La survenue de ces épidémies successives de grippe aviaire ces dernières années et la production nouvelle de vaccins adaptés aurait pourtant été l'occasion présente en connaissance de cause de vous ressaisir, de vous racheter. En rappelant fermement à la raison les laboratoires pour qu'ils déposent des dossiers de demande de mise en marché des vaccins grippe aviaire prévoyant, pour les conditionnements disponibles, des tailles, et des tarifs adaptés, à celles de toutes les structures d'élevage avicoles existantes. D'autant plus que nous sommes donc ici dans le cadre d'une maladie soumise à contrôle légal obligatoire et que c'est l'État qui va financer .... Vous ne l'avez donc pas fait, nous ne vous demandons pas le pourquoi des raisons de ce choix injuste socialement et incohérent sur le plan sanitaire, nous ne le savons que trop. C'est une incurie !
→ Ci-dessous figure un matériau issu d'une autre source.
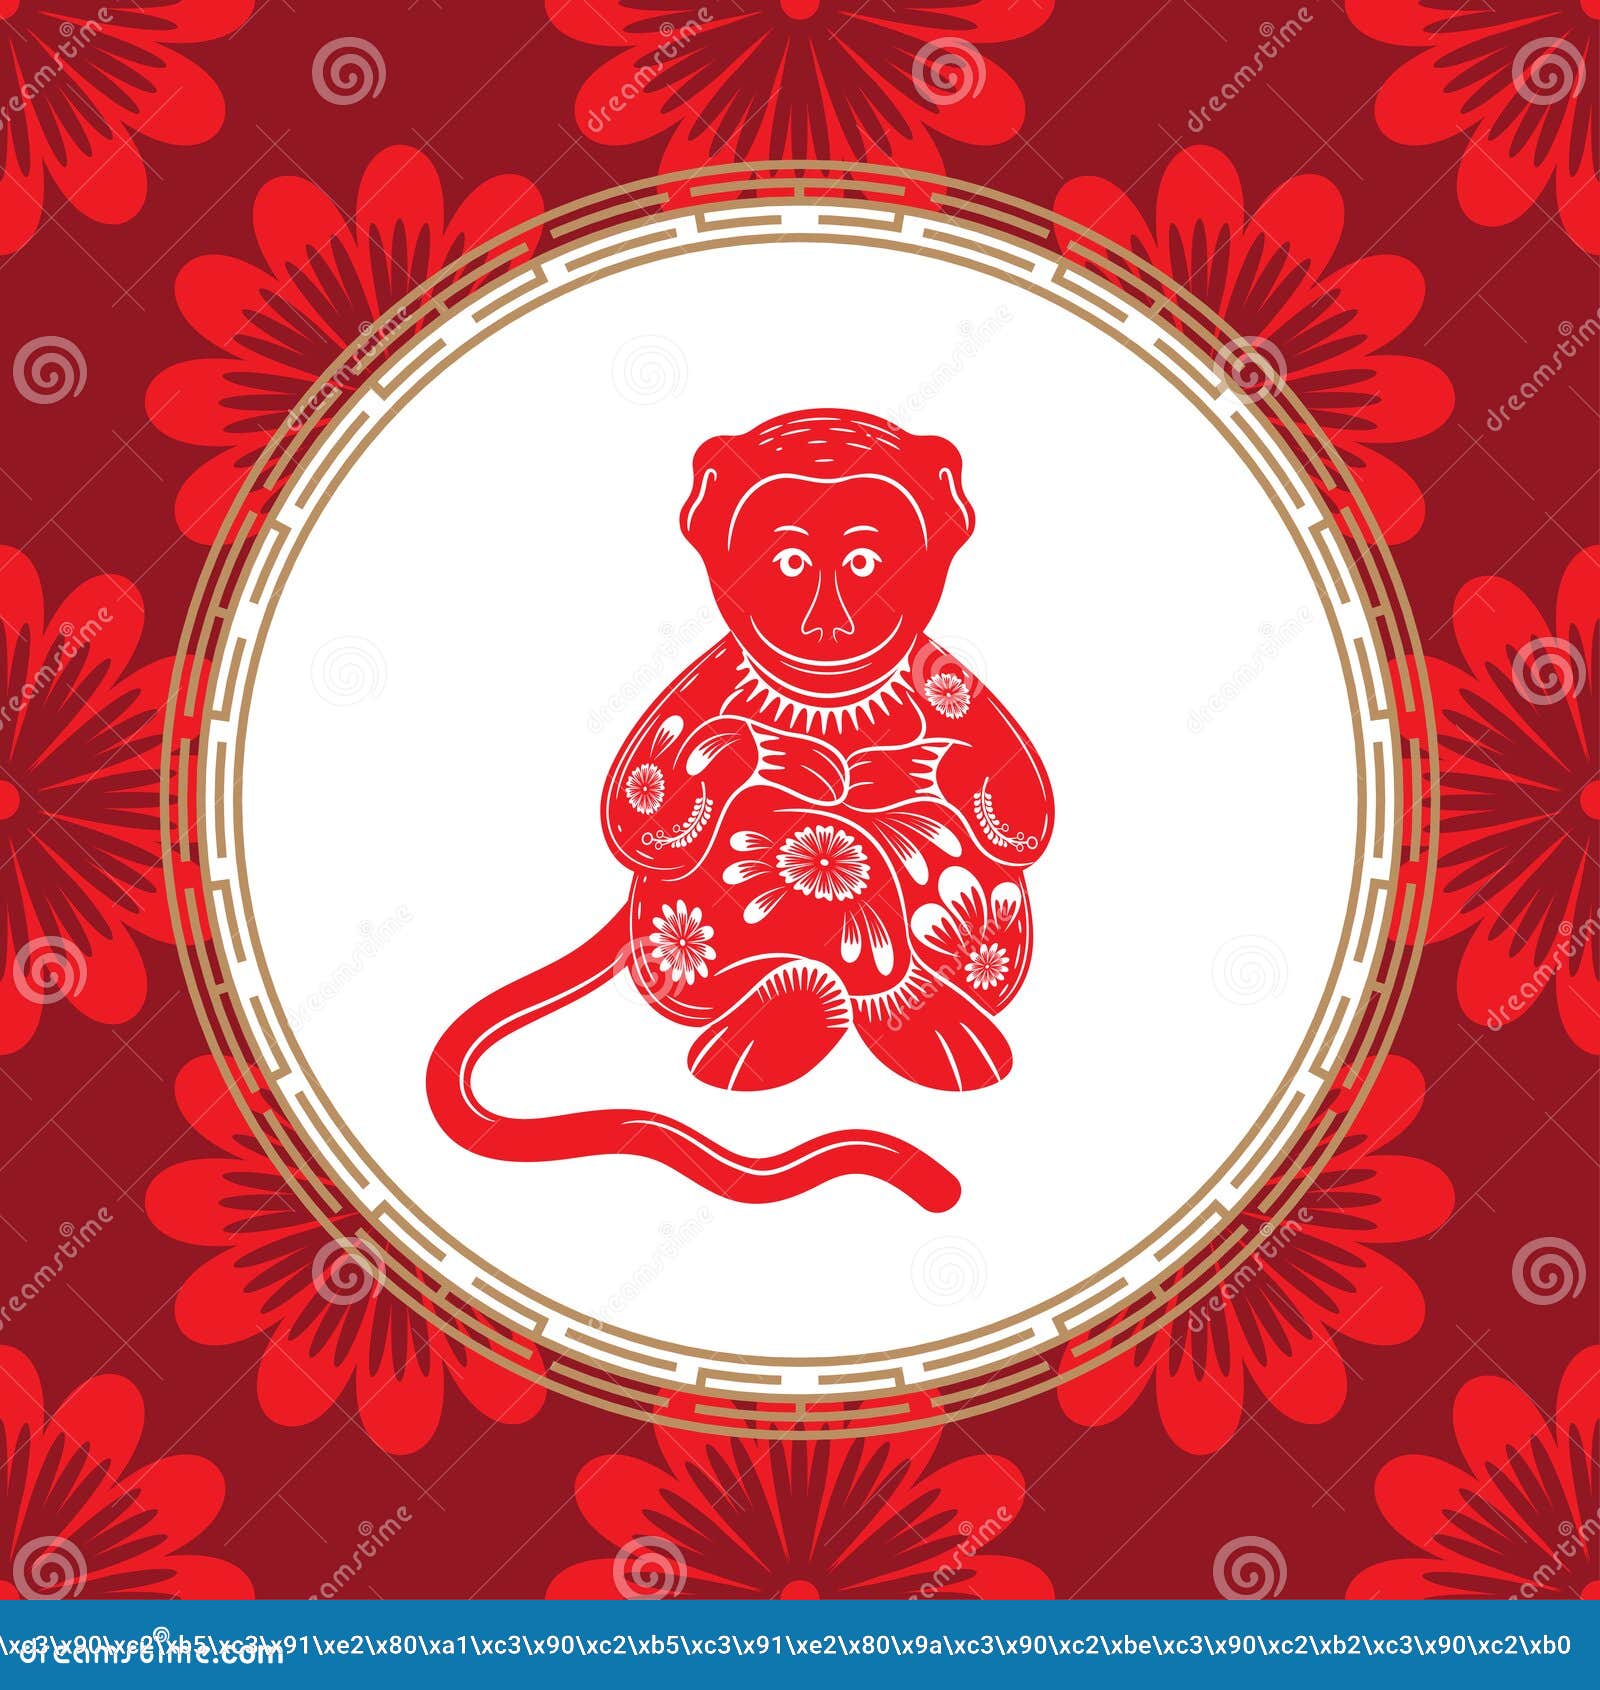 Chinese Zodiac Sign of the Year of the Monkey. Red Monkey with White

Nous continuerons donc ce combat juste et majeur jusqu'à sa résolution effective. En premier lieu en informant à nouveau tous les élus de la nation, afin qu'ils nous aident encore à mieux contrôler et rectifier tous ces fonctionnements honteux, c'est fort heureusement, notamment, leur rôle primordial. Les laboratoires vétérinaires pharmaceutiques devraient de toute urgence revoir et refaire leur copie, pour les dossiers de demande de mise en marché actuellement étudiés par l'ANMV.
Liberté, Égalité, Fraternité
Pour le Collectif Ruralité – Vaccins Volailles, Philippe CARASSOU éleveur amateur naisseur sélectionneur en race Marans, Champion de France et Double Champion d'Aquitaine, Animateur de la Pétition Vaccins Volailles, Président du Conservatoire Avicole du Bouaou.